Year after year from 2006 to 2016, Amazon grew by 27% on average (1). Its online eCommerce business, per Deloitte, has even seen peaks at 850% when other eCommerce sites grew at an average rate of 20%! Over the same period, the brick & mortar retail market grew, as it should do, at the rate of the GDP, around 2-3%. When it comes to eCommerce or retail, there is Amazon, and then there is everyone else. That is why you need API for retail in your back pocket.
By Acquiring Whole Foods, Amazon has struck two strategic objectives at once. No wonder why the capital value of Amazon soared up by more than the 13 billion dollars spent on the acquisition, while other brick & mortar retailers lost as much on the same day.
First, Amazon has decided to position itself on what will make the future of API for retail, namely organic food, bio-products, sustainable facilities, even expanding the Whole Foods product catalog and aisles to include garden equipment, household electronics, sportswear, handbags, pet supplies, golf clubs, video games, plumbing supplies, luggage, headphones and climbing gear.
Second, Amazon has finally concluded that online eCommerce alone is not the way to go. Neither is brick & mortar alone. Shopping experience is one that is customer-centric, that allows customers to weave their shopping journey across digital and physical retail as if they’re not two separate things.

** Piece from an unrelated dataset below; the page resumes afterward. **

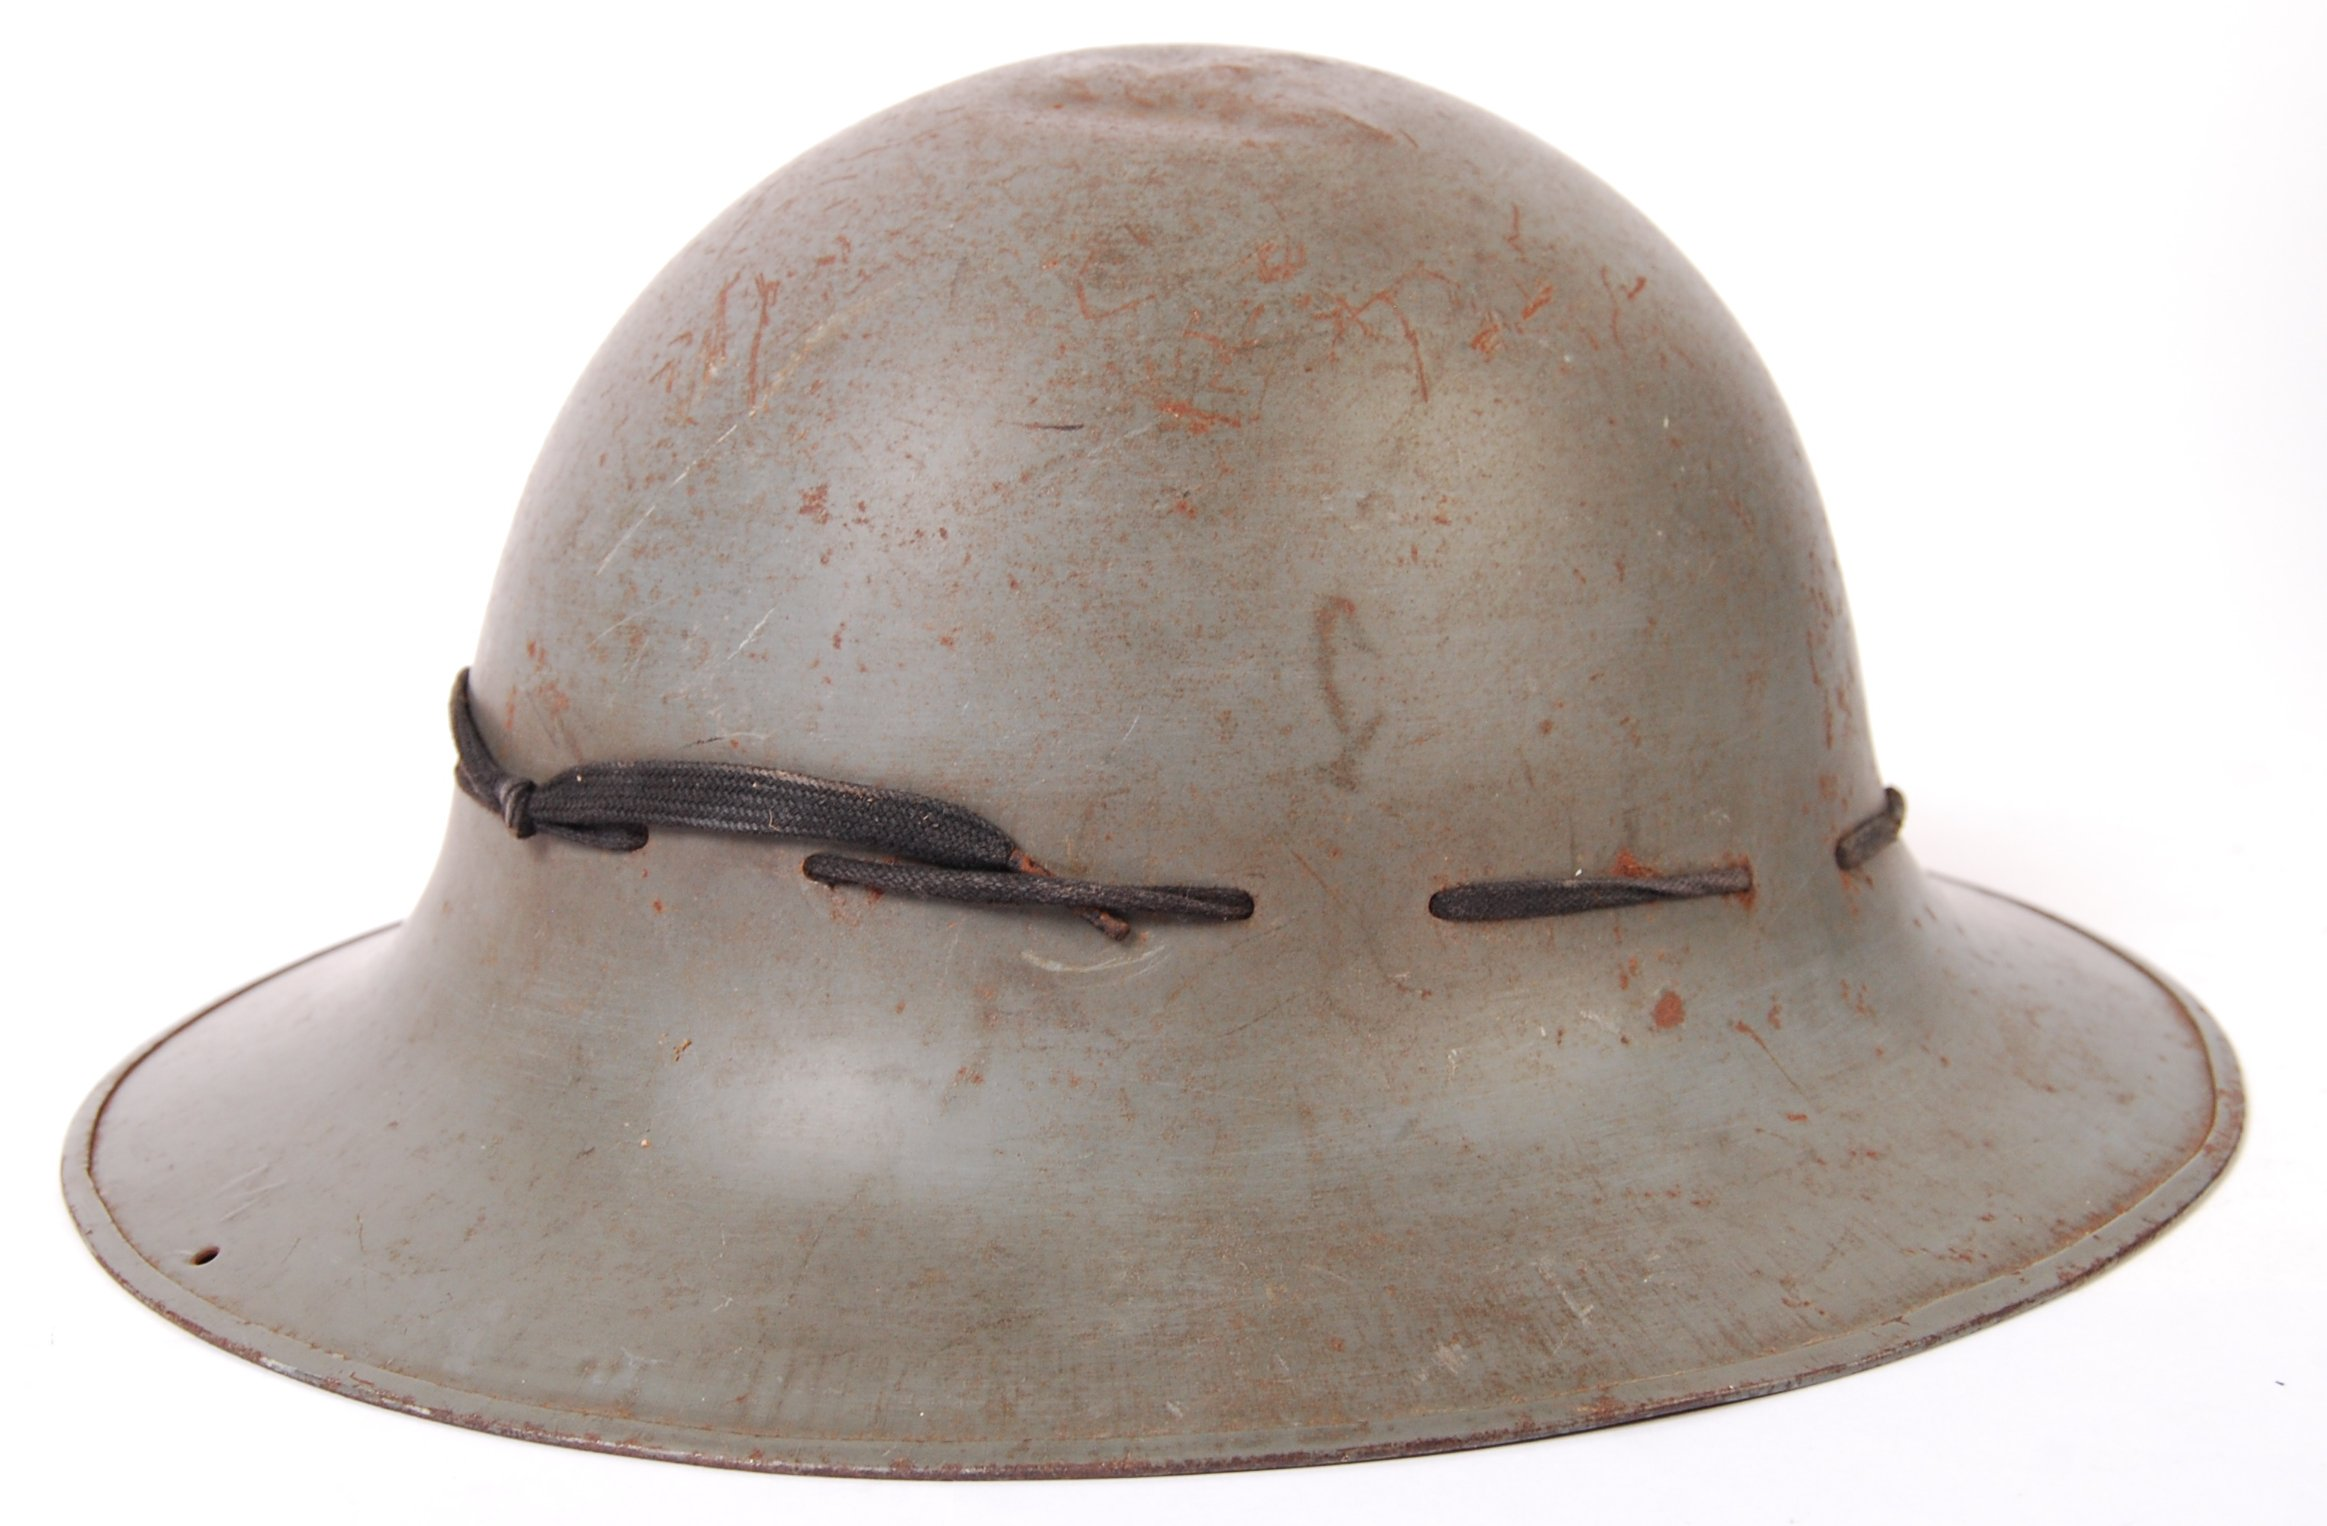 Lot 138 - WWII SECOND WORLD WAR ZUCKERMAN CIVIL DEFENCE HELMET

Physical and virtual retail, however, are not the only pieces of the huge retail ecosystem that contribute to the customer experience. As you can see in the diagram, many other entities contribute to fulfilling the customer journey, such as suppliers, banks, governmental agencies, 3PL and so on.
Collaboration between retailers and external entities will balance and complete what they do themselves. A typical example is how retailers move the responsibility for replenishment processes to suppliers–for example in direct store delivery. But one of the roadblocks is trust. If retailers want to move the responsibility of replenishment to suppliers, they must give them full visibility on store stock, sales and all other relevant data.
Unless you can acquire the entire retail ecosystem above, you will need to adjust your processes, data flows and governance to be part of it as if it were a single entity at the service of the customer experience. Going forward, and to better serve the customer, organizations need to further tap into their entire ecosystem of employees, suppliers, partners, external data sources and services–what Axway calls customer experience networks–whether the customer is in a B2B or B2C industry.
Implementing a CX Network is largely about creating a community. Its success will reside in how fast you can achieve a critical mass of interactions with your ecosystem organizations. From a technical point of view, you will need an integration platform with at least the following capabilities:
- An API Management layer that allows you to publish your service interfaces and make them accessible to all CX Network members while enforcing security, authentication and confidentiality of information.
- A mobile application development framework that accelerates time to market of mobile app development.
- Analytics technology that allows you to measure usage and performance, have visibility on supply chain processes and obtain predictions on future customer behavior and trends.
- Integration technology, including EDI, MFT and API that allows you to exchange business documents with partners and integrate network members’ data.
- A member directory tool that automates members onboarding and lifecycle, keeps up-to-date members’ business details as well as technical details for automated business interactions.
Make API for the retail part of your methodology.